From: Alexander Motin <mav_at_FreeBSD.org>
Date: Tue, 15 Nov 2011 01:43:21 +0200
On 15.11.2011 01:00, Sebastian Chmielewski wrote:
> On Tue, 15 Nov 2011 00:39:52 +0200
> Alexander Motin<mav_at_FreeBSD.org>  wrote:
>
>> SATA device can be dropped because of error during reset/ probe/
>> initialization sequence or because controller reported disconnection.
>> Verbose boot messages (boot -v from loader prompt) should give more
>> information about what happened there. Show please full verbose dmesg.
> Using rc_debug="YES" in rc.conf I've found that my device is dropped during
> sysctl_start.

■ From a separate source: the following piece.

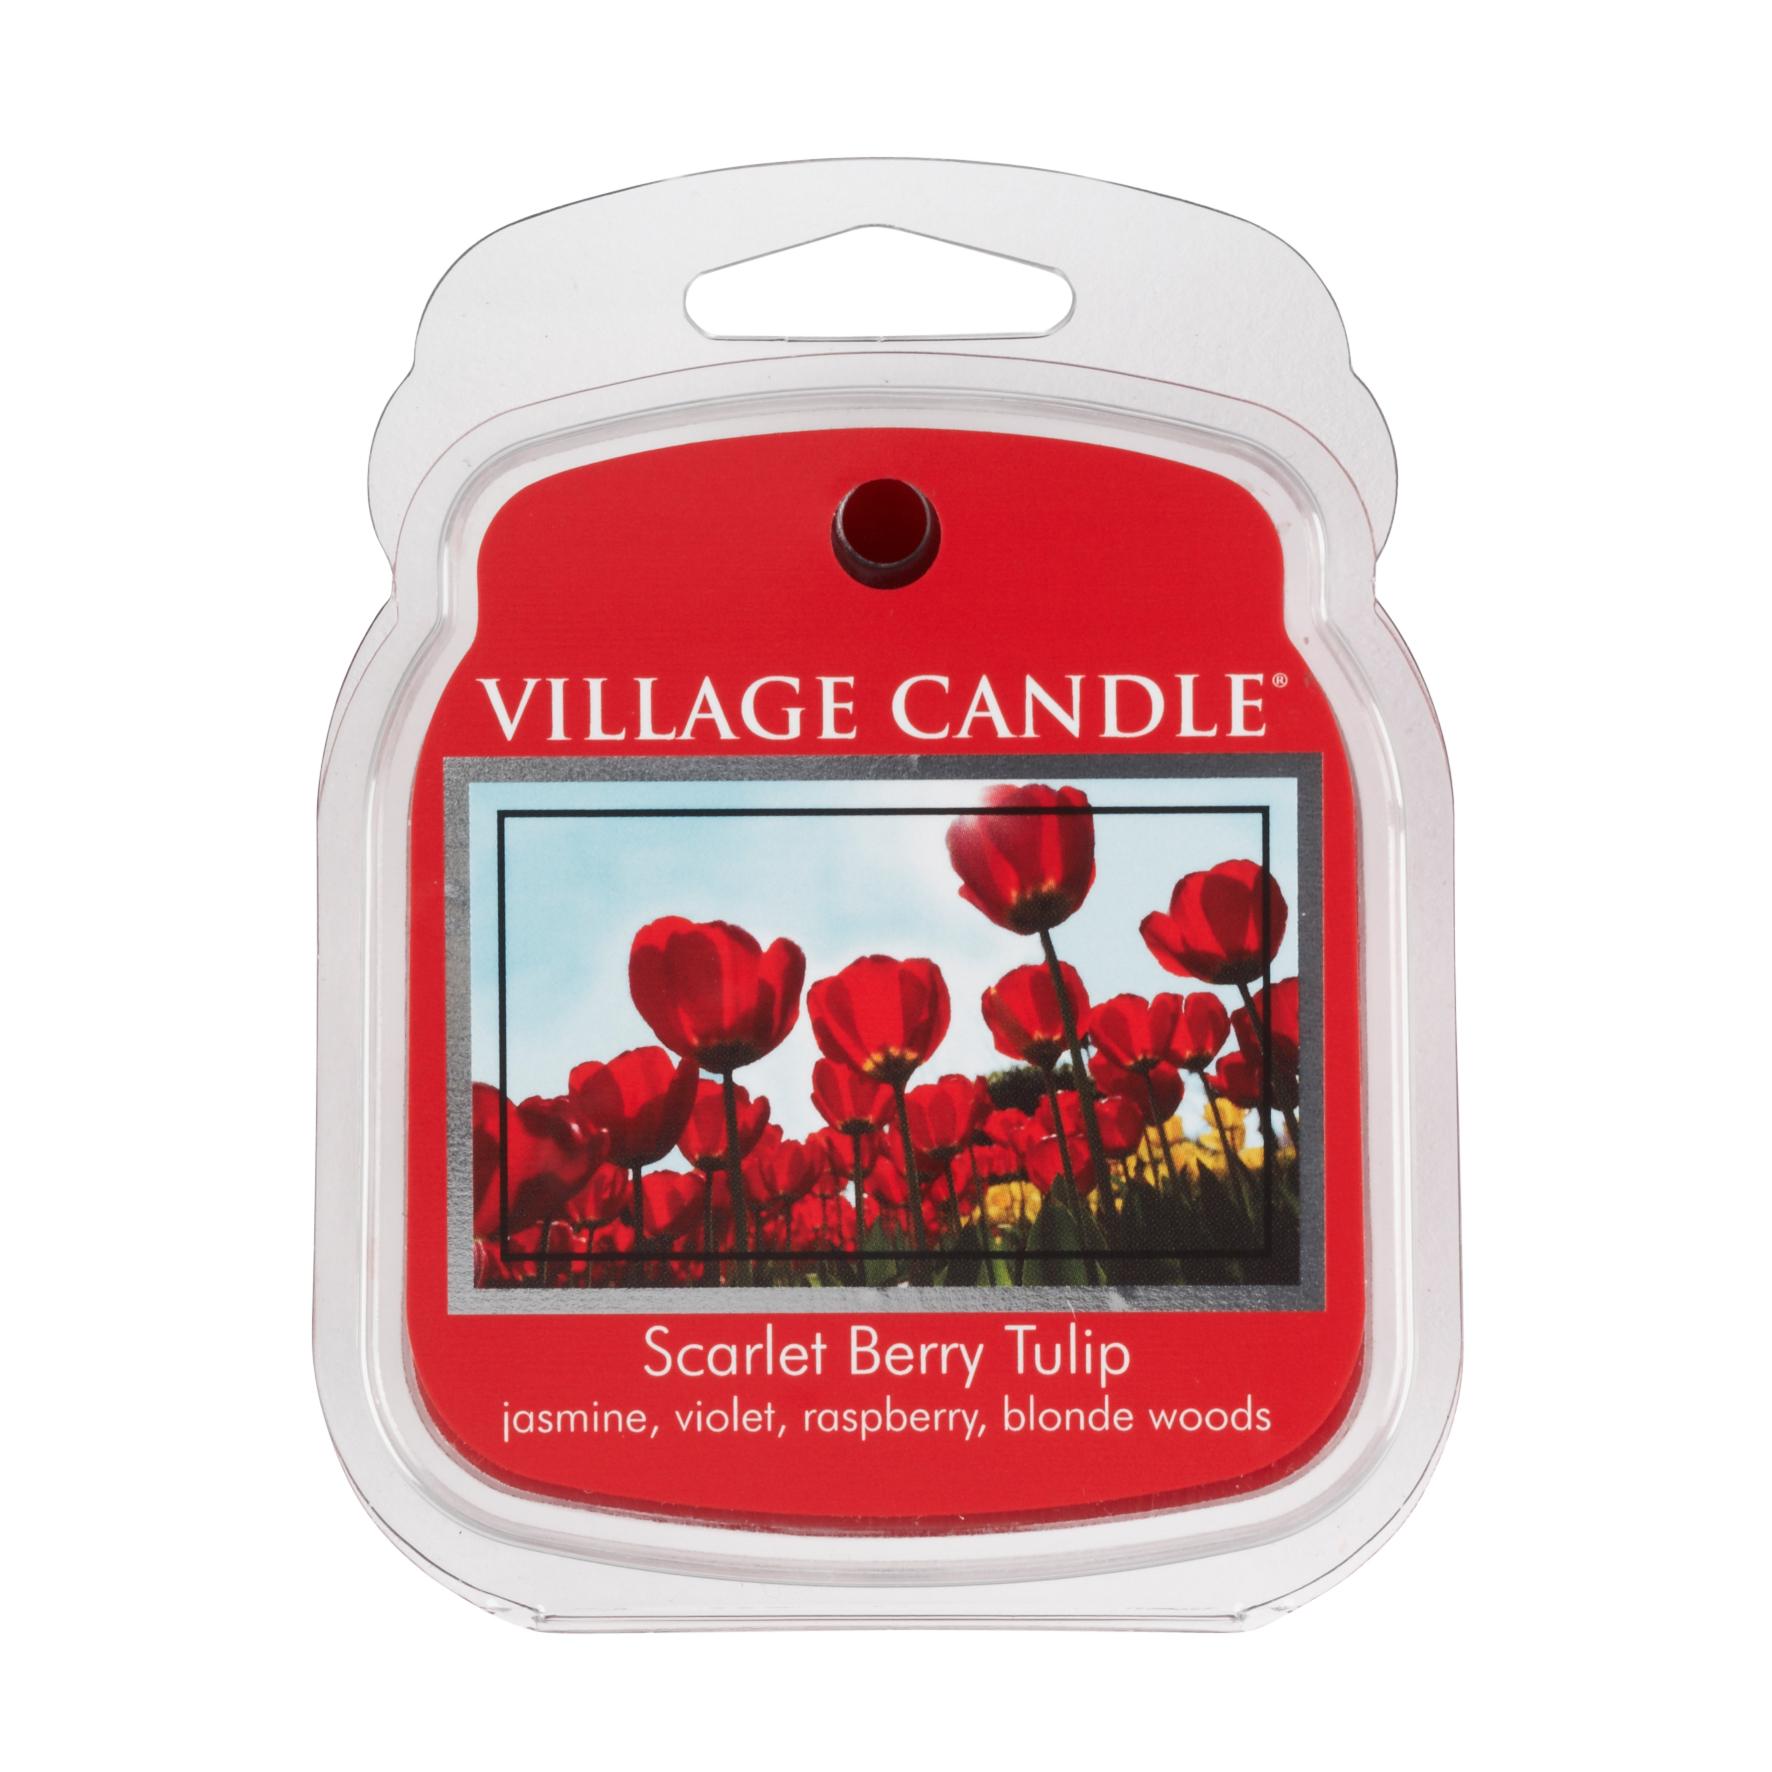 Scarlet Berry Tulip Premium Wax Melt Pack

With empty sysctl.conf my device is not lost. The contents of
> file seems quite innocent:
>
> # Uncomment this to prevent users from seeing information about processes that
> # are being run under another UID.
> security.bsd.see_other_uids=1
>
> # Enable/disable coredump
> kern.coredump=1
>
> # Up the maxfiles to 4x default
> kern.maxfiles=49312
>
> kern.ipc.shmmax=67108864
> kern.ipc.shmall=32768
>
> # Allow users to mount CD's
> vfs.usermount=1
> vfs.hirunningspace=8388608
> vfs.lorunningspace=1048576
>
> kern.corefile="/var/coredumps/%U/%N.core"
>
> # Do not truncate command line arguments in ps(1) listing
> kern.ps_arg_cache_limit=10000
>
> # Tune for desktop usage
> kern.sched.preempt_thresh=224
>
> # Increase default setting - recommended for 2 GB of RAM
> kern.maxvnodes=400000
>
> dev.acpi_ibm.0.lcd_brightness=6
> dev.acpi_ibm.0.lcd_brightness=3
> net.link.tap.user_open=1
> net.link.tap.up_on_open=1
>
> The device is lost even when sysctl is started with new file when booting finishes (I did service sysctl restart from X session).
> # sysctl debug.bootverbose=1
> # service sysctl restart
> # dmesg
>
> ahcich1: DISCONNECT requested
> ahcich1: AHCI reset...
> ahcich1: SATA connect timeout time=10000us status=00000000
> ahcich1: AHCI reset: device not found
> (ada1:ahcich1:0:0:0): lost device
> (pass1:ahcich1:0:0:0): lost device
> (pass1:ahcich1:0:0:0): removing device entry
>
> Crazy, isn't it?

It is. I've never heard about such things.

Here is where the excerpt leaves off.